BEGIN Provided material

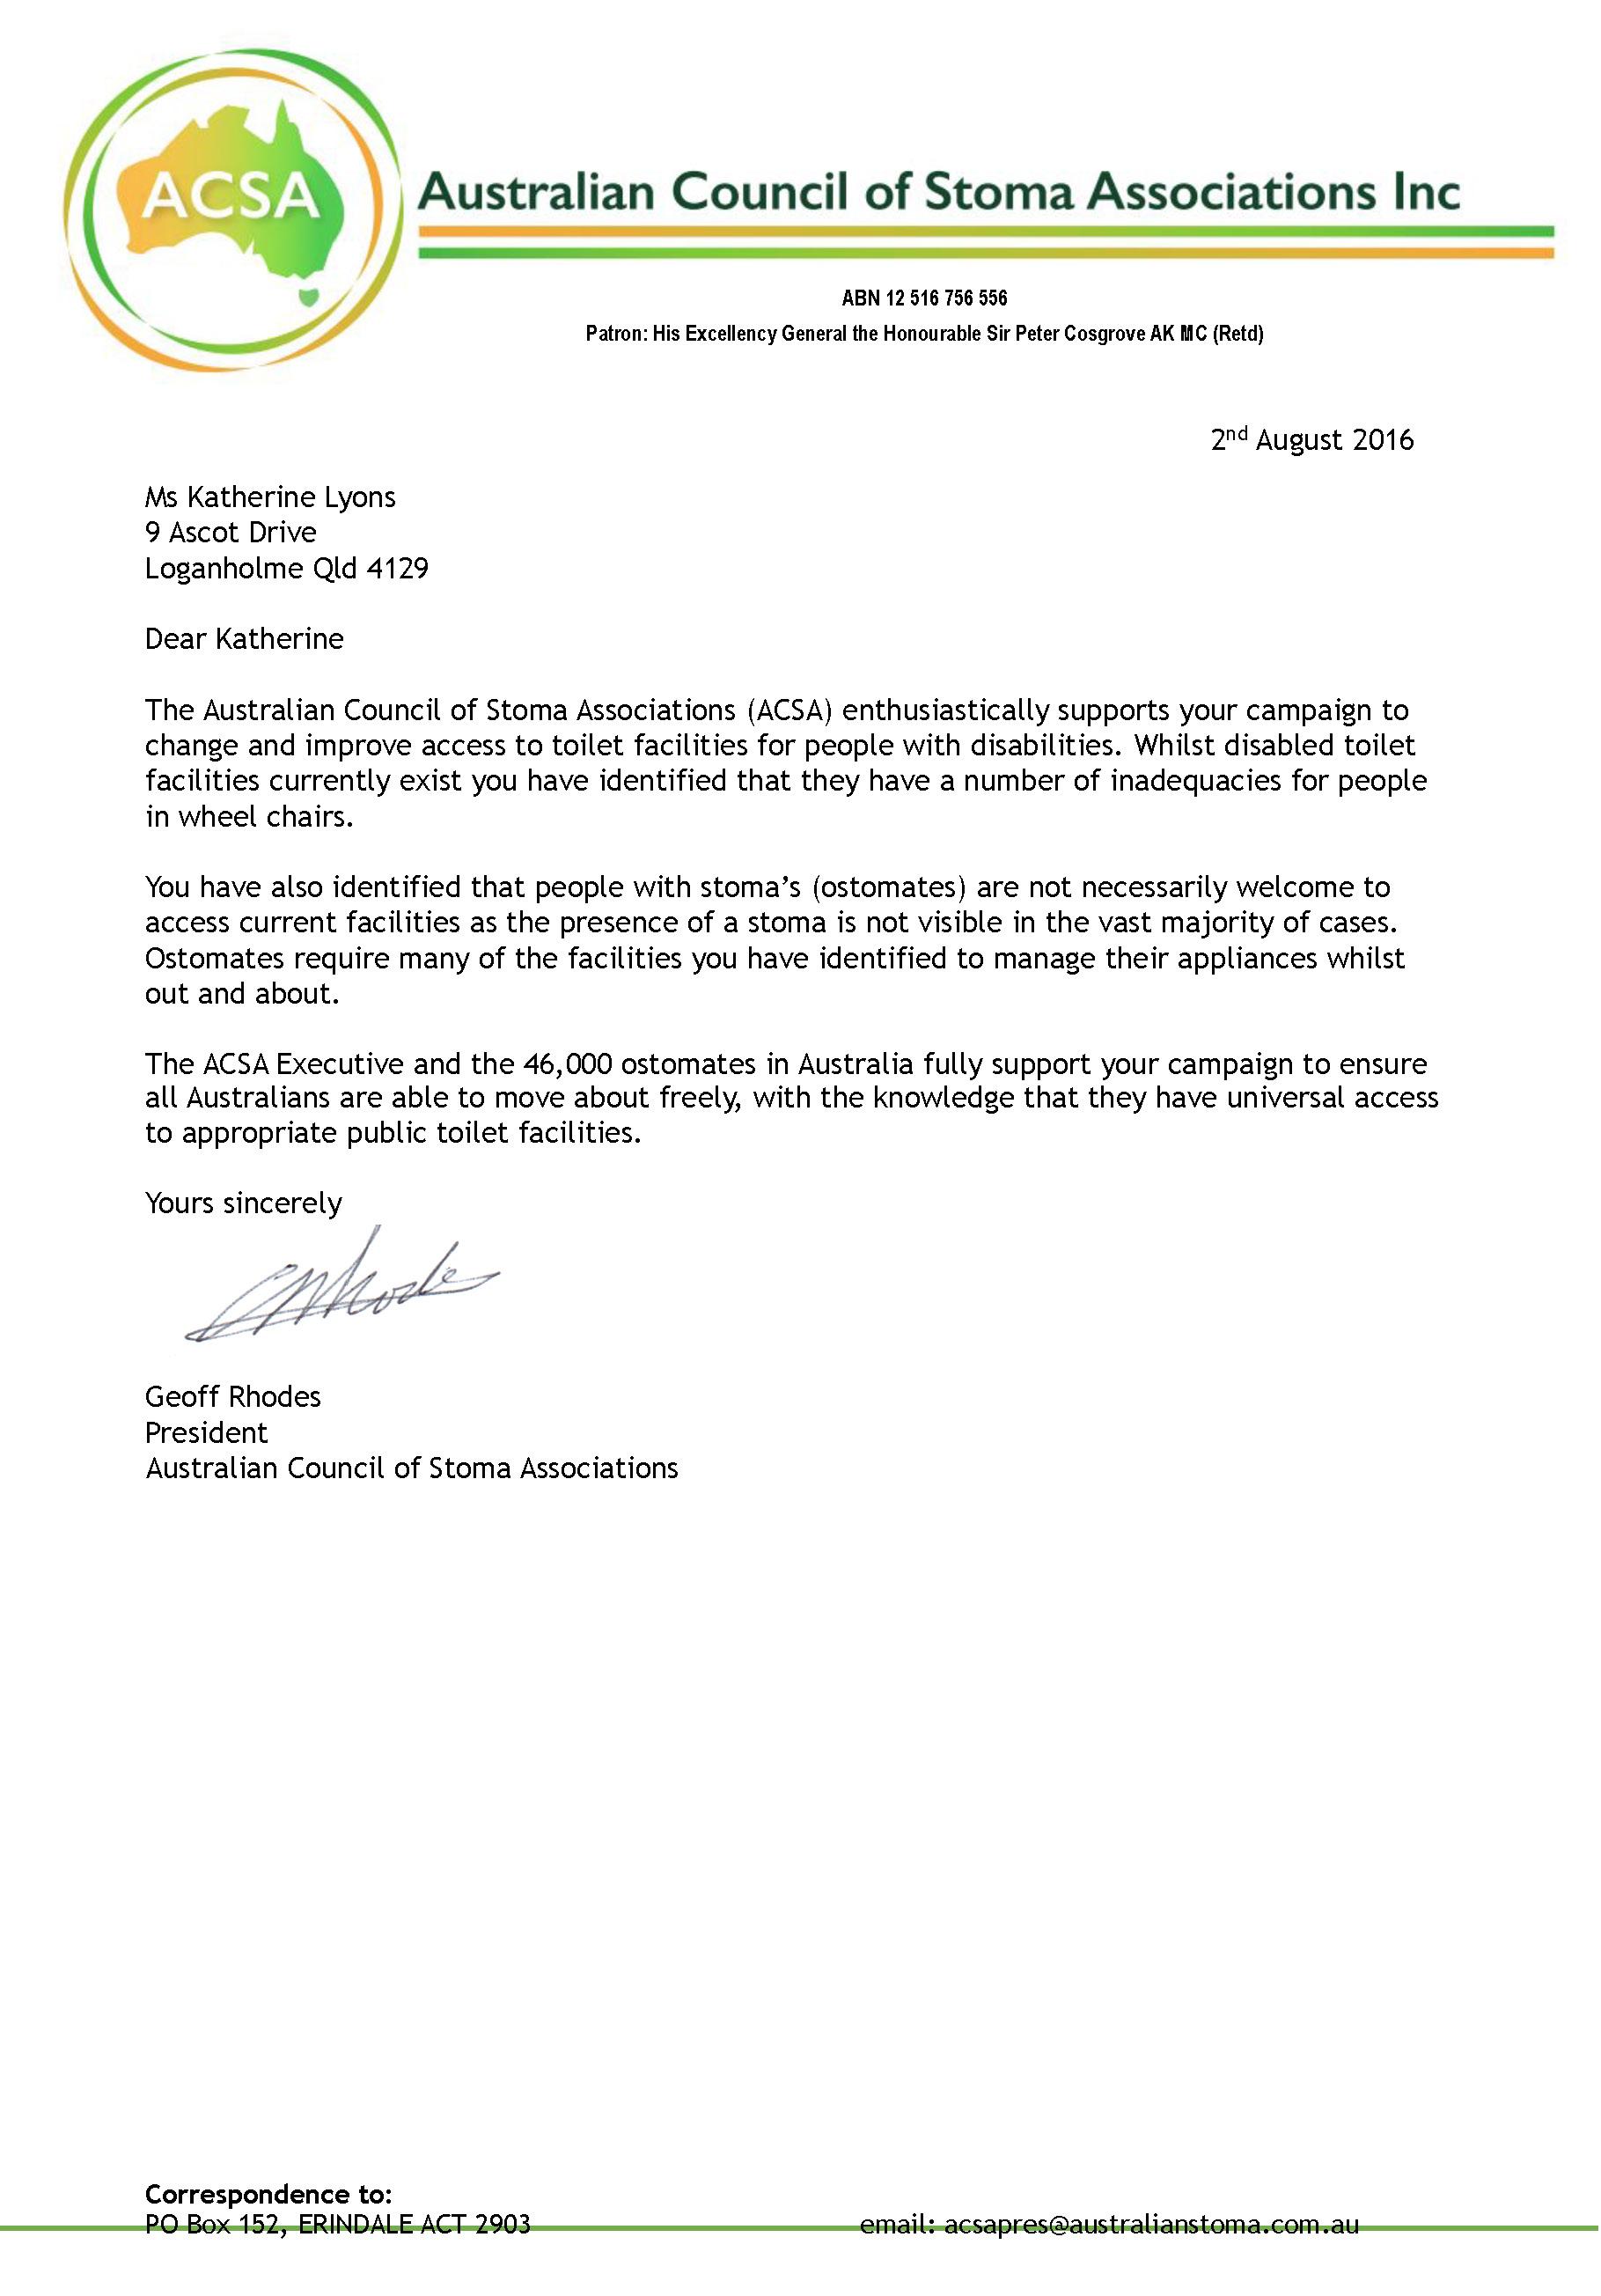 Stoma Association Support Letter.jpg
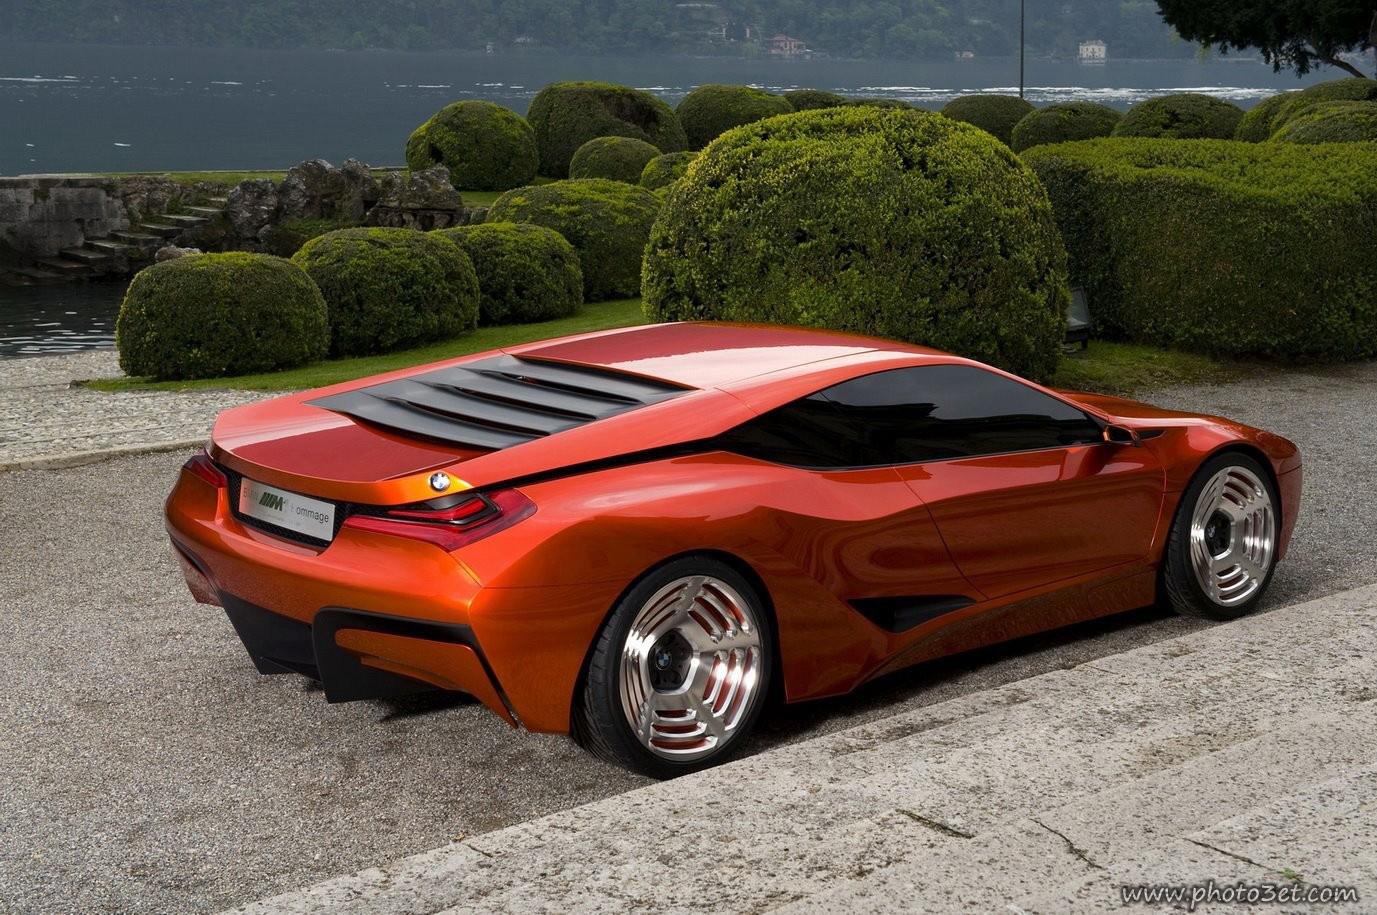 جدیدترین ماشین اسپرت سال امریکایی
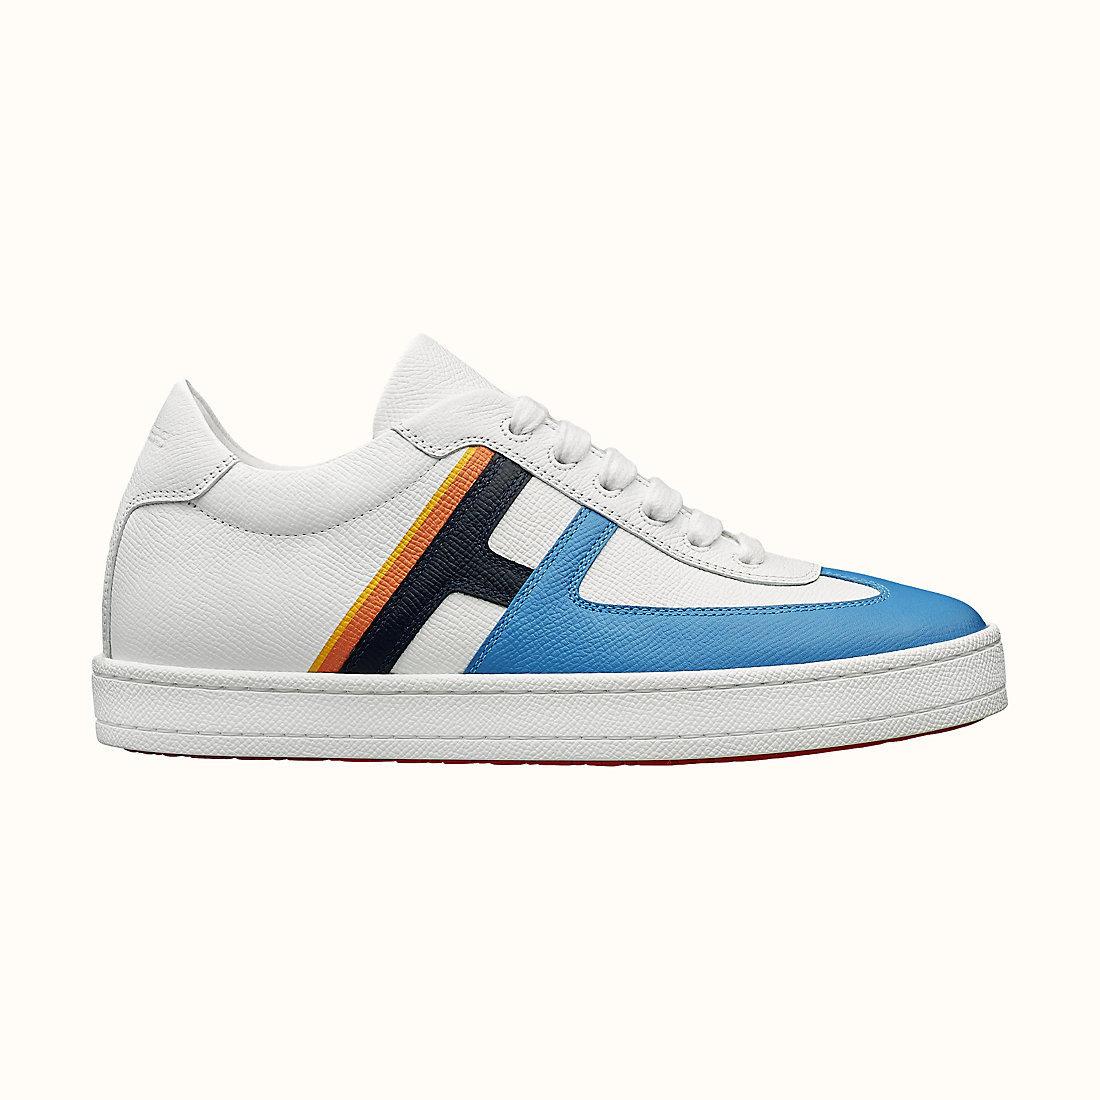 HERMES Boomerang Sneaker
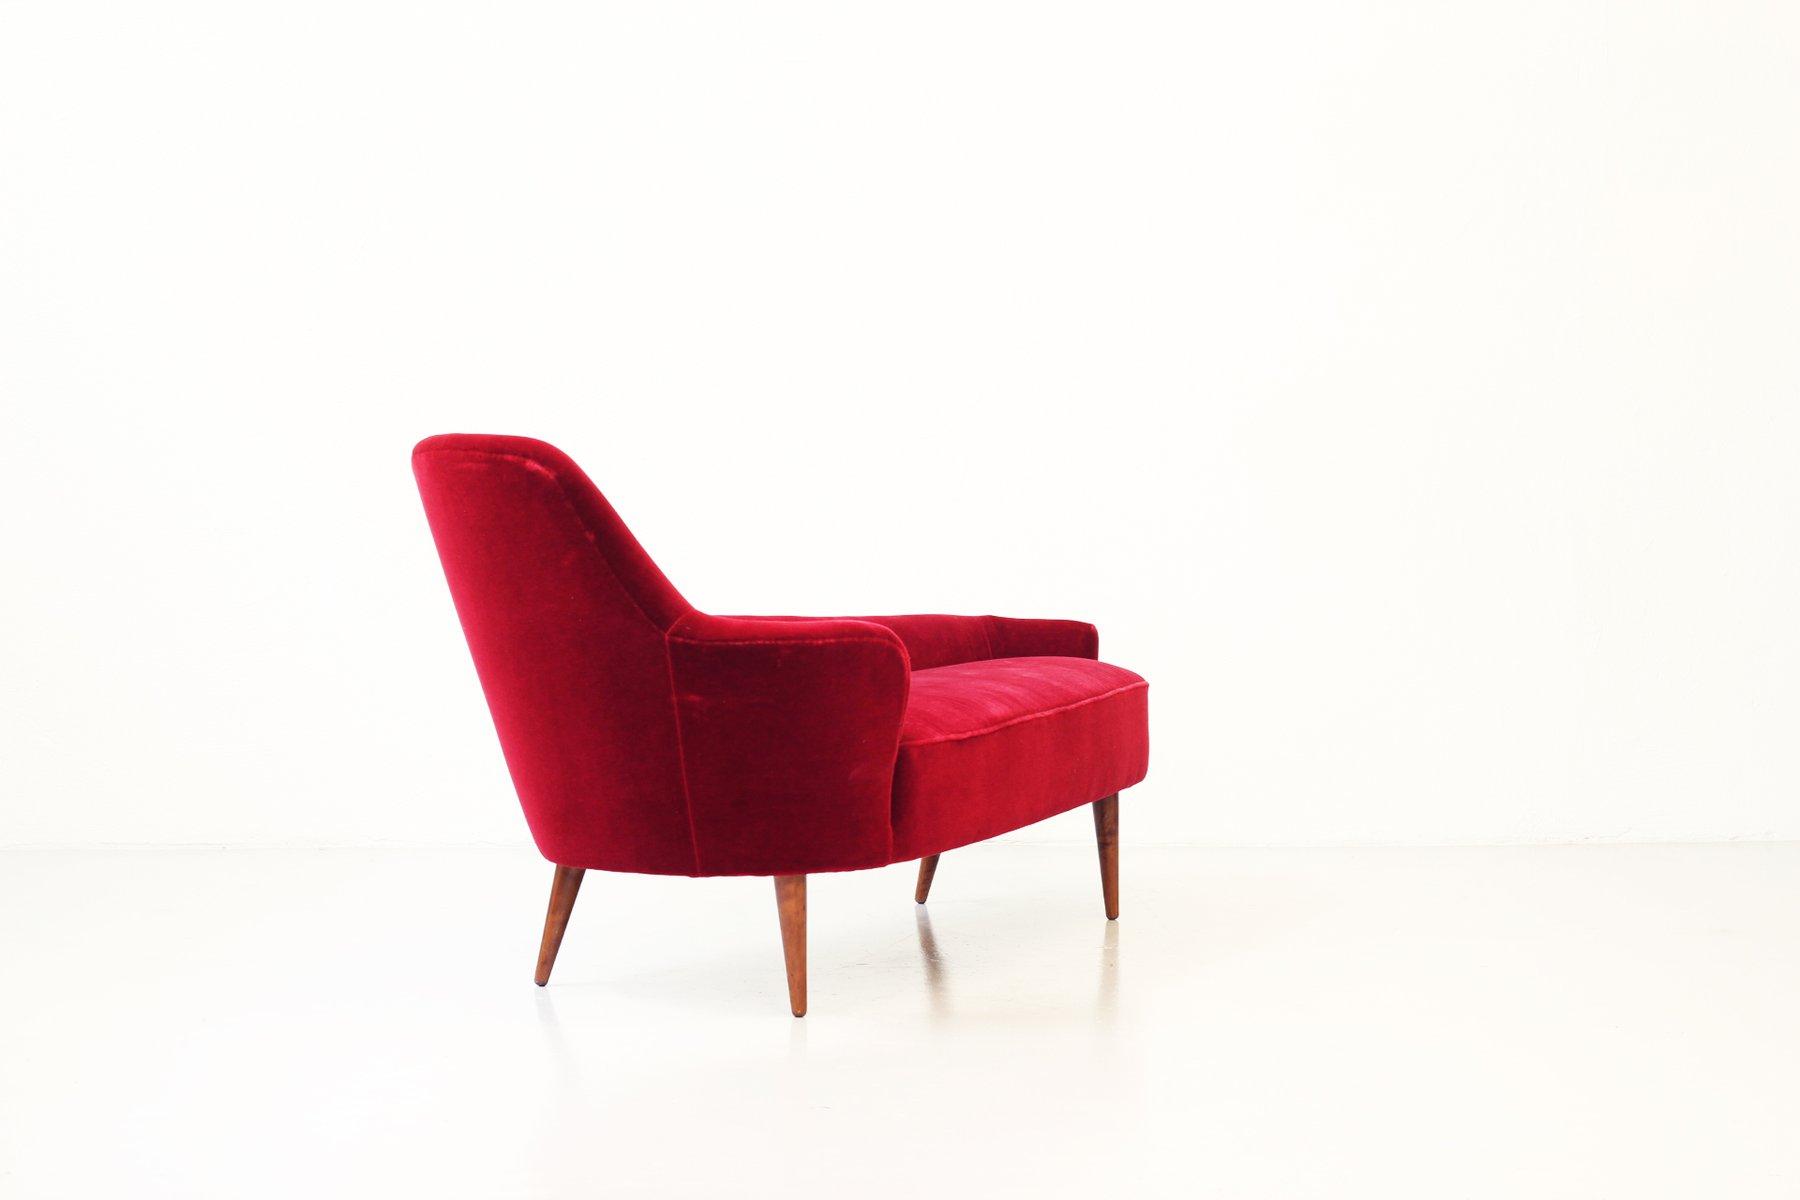 Singoalla chaise lounge by gillis lundgren for ikea 1961 for Chaise design ikea

END Provided material

_What you should do_. Only the lines from the one with "جدیدترین ماشین اسپرت سال امریکایی" through the final line of the data should be written out, exactly and including both ends. Skip the pictures.

_Output for this exercise_.
 جدیدترین ماشین اسپرت سال امریکایی
 HERMES Boomerang Sneaker
 Singoalla chaise lounge by gillis lundgren for ikea 1961 for Chaise design ikea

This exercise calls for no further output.